Most folks don't build houses in areas subject to avalanches.  Whereas some folks seem to build in flood prone areas for some odd reason , then want the gover'm to bail them out to often it seems.

Back to regular schedule programing. 

Larry


----------



## Tx Jim (Jun 30, 2014)

r82230 said:


> Most folks don't build houses in areas subject to avalanches.  Whereas some folks seem to build in flood prone areas for some odd reason , then want the gover'm to bail them out to often it seems.
> 
> Back to regular schedule programing.
> 
> Larry


And then a once in 500 yr flood rears it's ugly face for one to determine they built there home in what is now turned into a flood plane. My barn I live in that I built up on higher ground flooded one night when it rained 12.5 '' in less than 4 hrs


----------



## swall01 (Jun 10, 2018)

vhaby, it wasnt that many years ago i remember texas guys hauling cows east and trading hay pound for pound to haul back. i would think thats still a raw deal but sometimes you have to make hard decisions just to survive.


----------



## StxPecans (Mar 3, 2018)

So I am thinking about planting somthing in the next week. I am short on hay to say the least. I have an area i cannot graze but i can bale. Have rain chances coming up maybe. Been thinking about some sort of cheap warm season grass crop and maybe get lucky and get rain on it let it grow enough for a good cutting before our first frost which is normally after november 1st or later.
Or was think about planting gulf ryegrass as it doesnt take cool weather to germinate. 
What do you think would be the best idea? 
I was also thinking about somthing i never seen before or talked about. But if i have growing grass, say ryegrass or somthing and i cant graze my cows in that area can a person mow down some let it dry as much as possible and bale is wet/green as long as my baler will do it and take it strait to my cows and feed it?
See i have my cows on 400 acres at one place but come october 1st i have to put them all on about 100 acres and i will not have enough grass possibly. If i have a field of grass can i just bale it green and take it to them each day? 
Not sure how wet of grass i can bale but say its ryegrass and i doubt i can bale it right behind the cutter but, if i cut it 2 or 3 days in advance i am prettu sure i can bale it then.

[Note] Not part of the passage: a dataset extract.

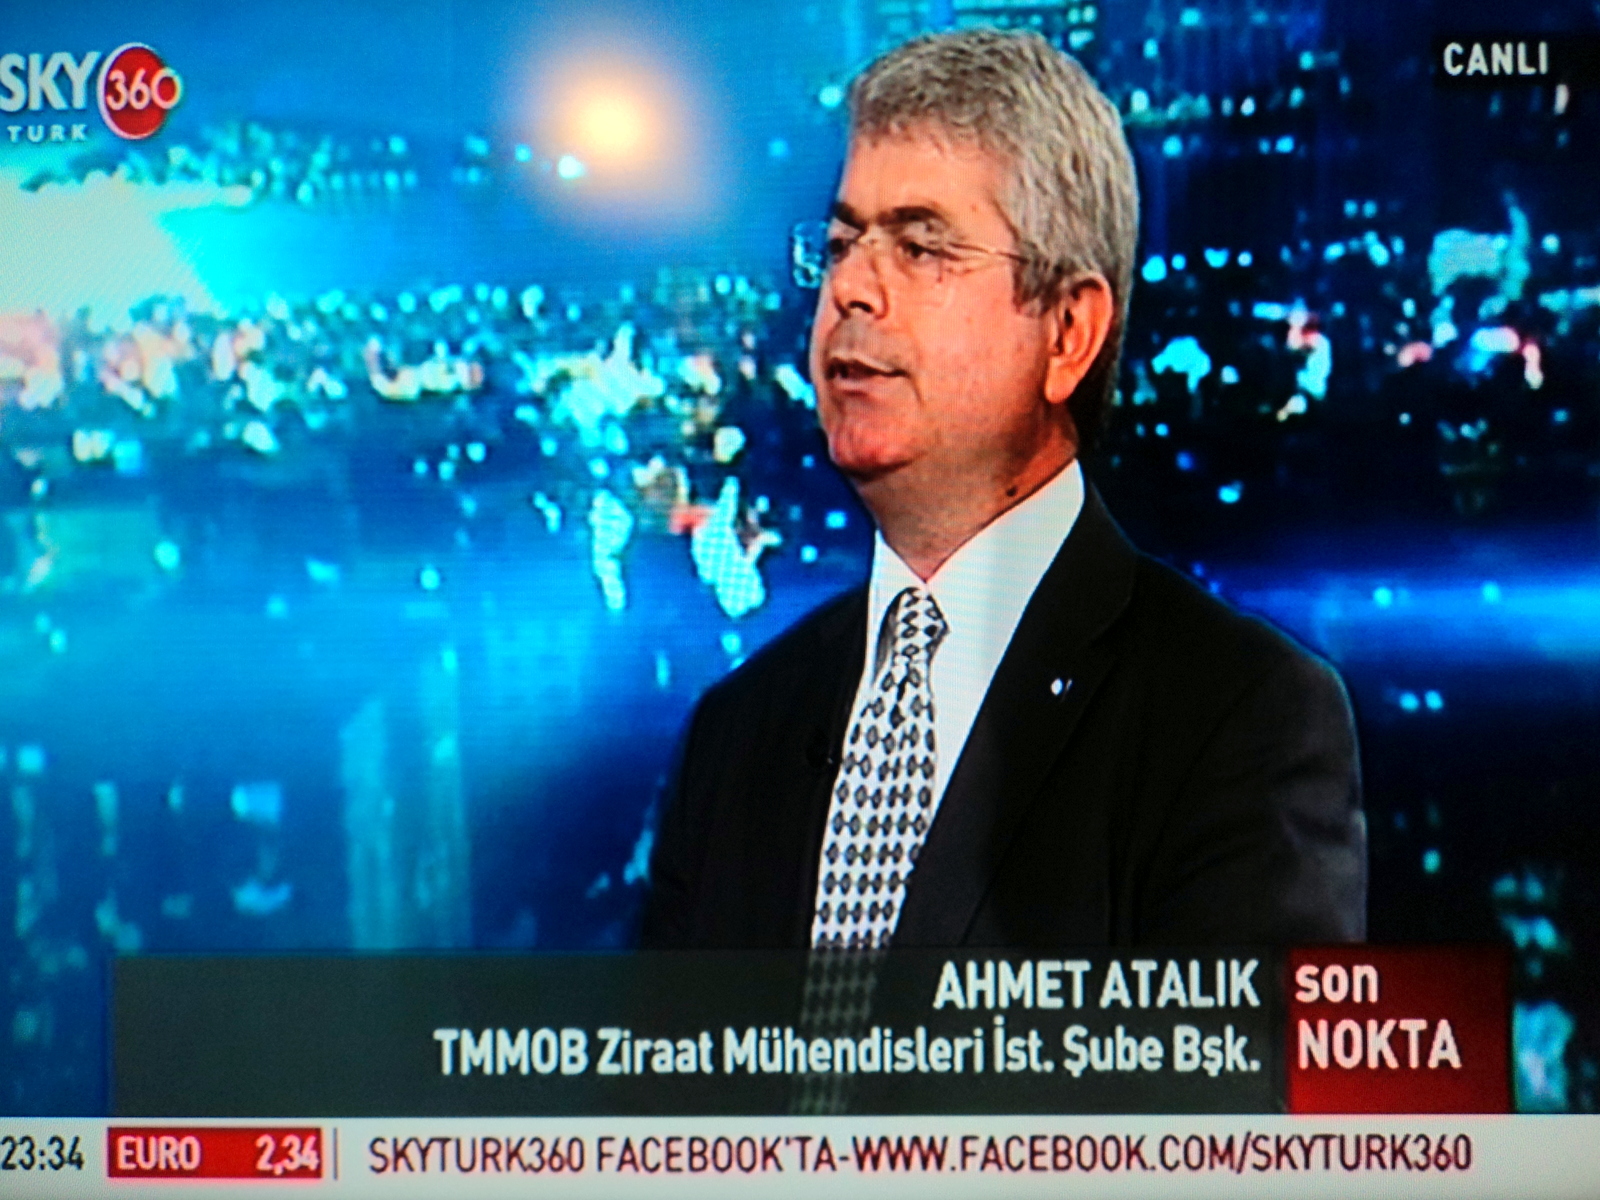 NTV, CNN TURK, SKY TURK, STAR, TV8 YAYINLARI

And say cut a few acres a day and take a few acres of it to them a day.
Just asking a queation. To me it isnt that much work. Plus i also have another 100 acre orchard i thought i could do that with clover as i know clover is hard to dry down. I was thinking about broadcasting clover in an orchard before harvest and my harvestors would work it into the ground, a seed rep told me they do just that in mexico. Seems like a pretty good idea.


----------



## Ray 54 (Aug 2, 2014)

Always interesting to see different sides of the same job.

Running cattle on 2500+ acres and a good year 90 cows and no hay, just a protein supplement to help them though fall with dry weathered grass until enough rain to start a new crop of grass. The last 6 years been tough to feed hay and keep 60 cows. The worst is little rains to wash all nutrients from dry grass but no get new grass growing.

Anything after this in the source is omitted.